For all that it can be sad and lonely and silent, it is small stuff.  Painful and prickly and breathtaking-- but small stuff nonetheless.  He is resilient, that boy of mine.  He is bright and funny and smart and kind and thirteen and, yeah; I'll say it again: smart.  He pushes at the boundaries to find his limits (and mine).  He's learning to taste the choices he makes, and savor how they feel against his skin.  He is becoming his own, which is, really, the whole point. 
 
This is small stuff, and these are small moments.  He lied. It's a detention.
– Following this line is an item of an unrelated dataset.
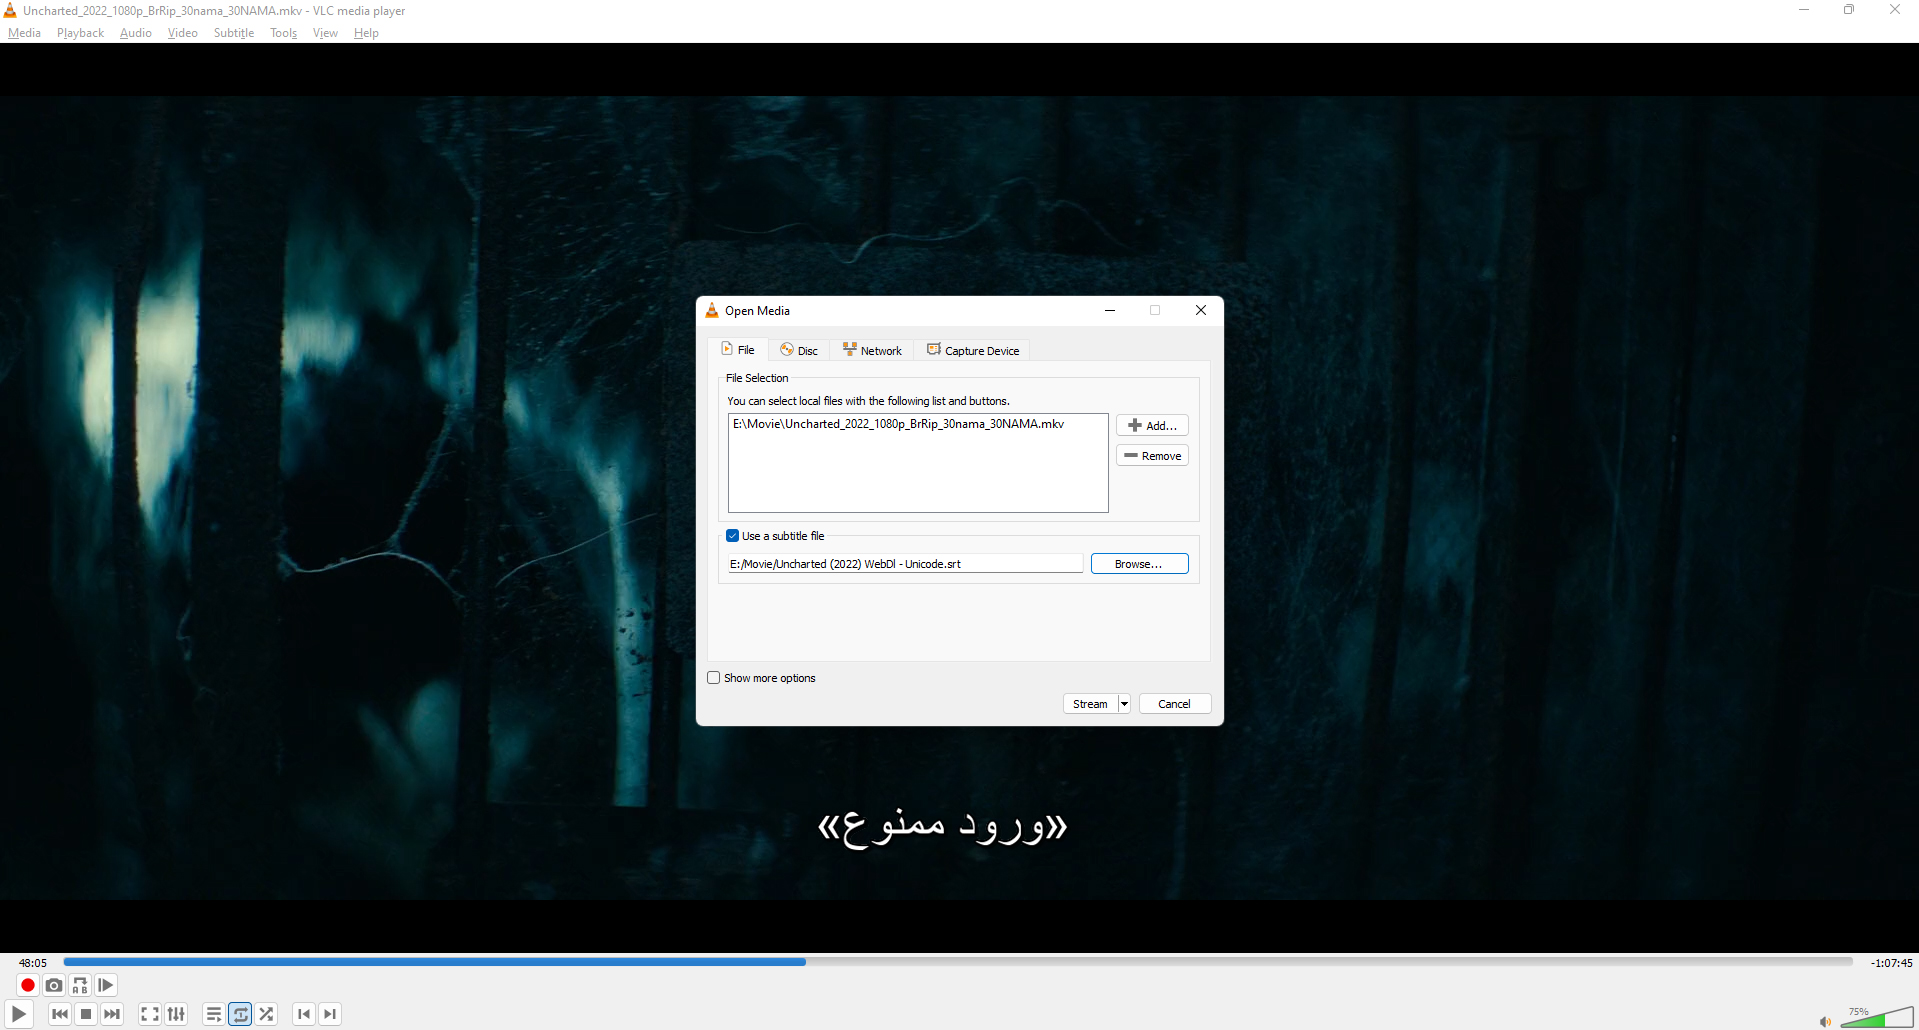 منوی جدیدی که در آن می توان زیرنویس را در VLC به فیلم اضافه کرد
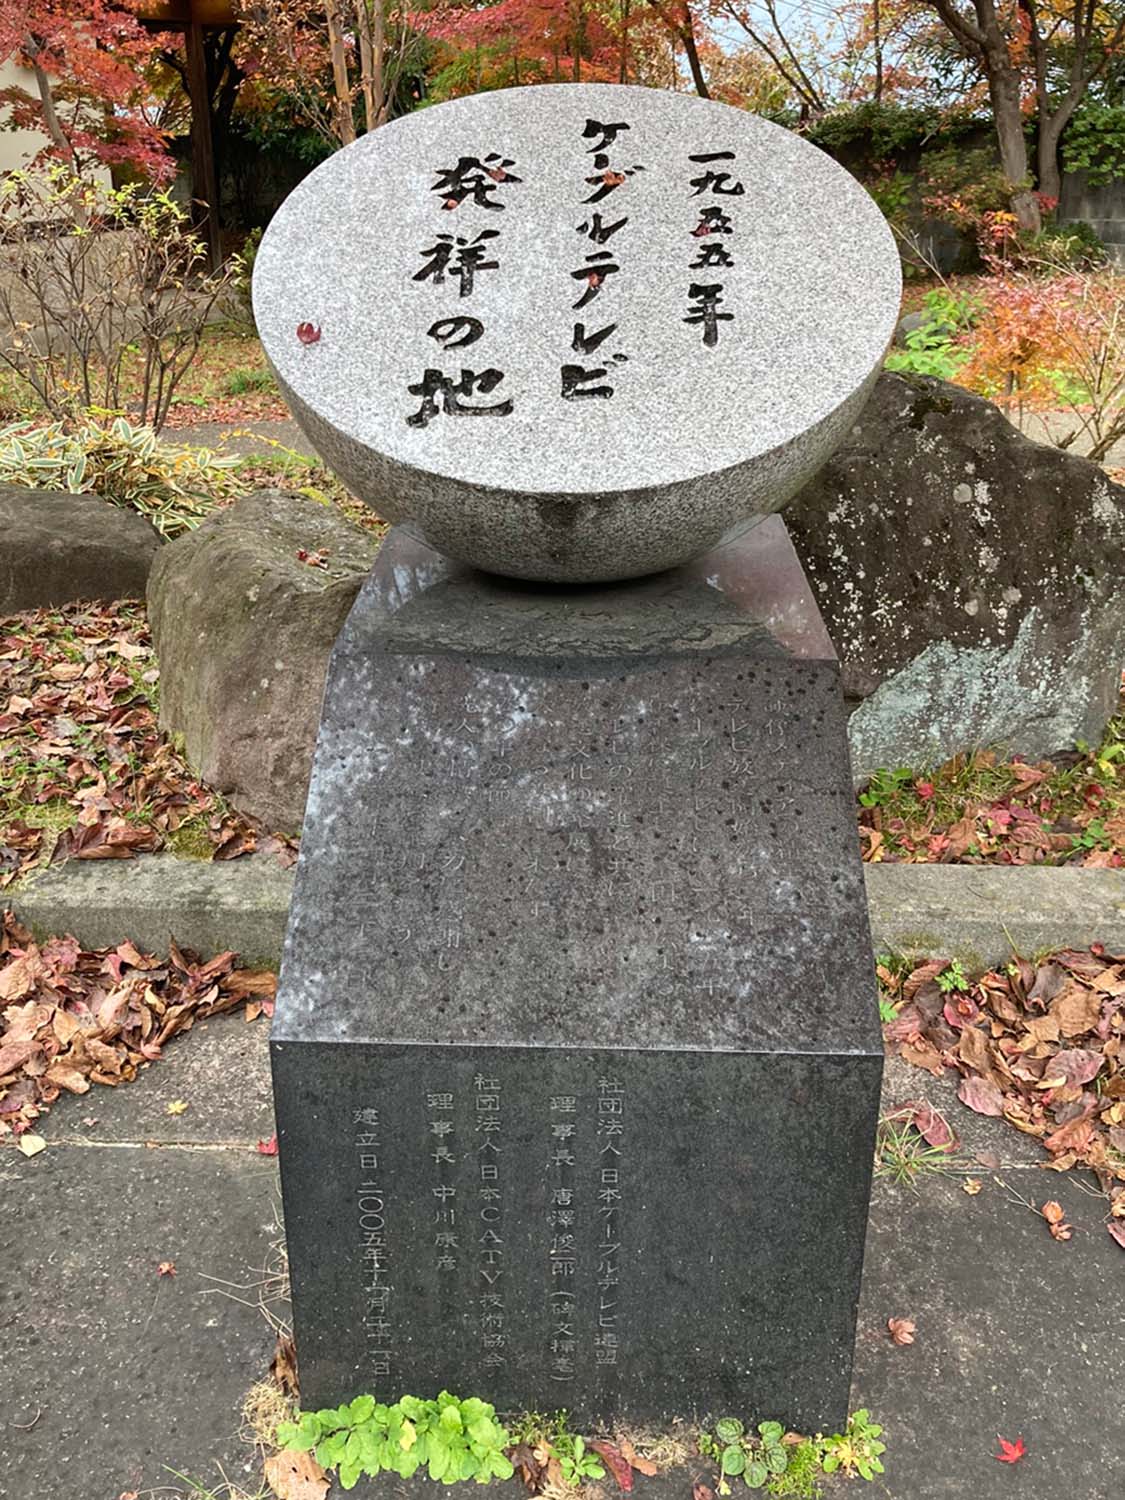 パラボラアンテナの形をした碑。伊香保温泉は地上波が届きにくく、日本で初めてケーブルテレビが設置されたとのこと。

We survived the storm (even as I brace for the next one).  But for all that, I get friends who remind me to breathe.  They drown out the seductive song of that damned basking salamander and tell me that the small stuff is just that: small.  They tell me that even the big stuff is small. 
 
In the midst this, I have found a few small truths:  Parenting is tough (single or paired or in whatever village-shaped iteration one has cadged together to get through these moments).  I screw up, make mistakes, doubt and wonder and panic and dither.  I love my son.  Fiercely, unconditionally, wholly. I love him even when he lies, even when he gets caught.  And for all that I screw up and doubt and dither, my son knows that.  Above all else, he knows that he is loved. 
 
The trick, I think, is to breathe long enough to gather in all these moments– not just the minor panic and small fears, but the triumphs and joys, and-- most of all-- love, so that we can find that what we get, what we really get when all is said and done, is a life.  Far from perfect, far from solitary.  We get a life filled with everything and then some.  And then I remember that it is all small stuff and I am filled.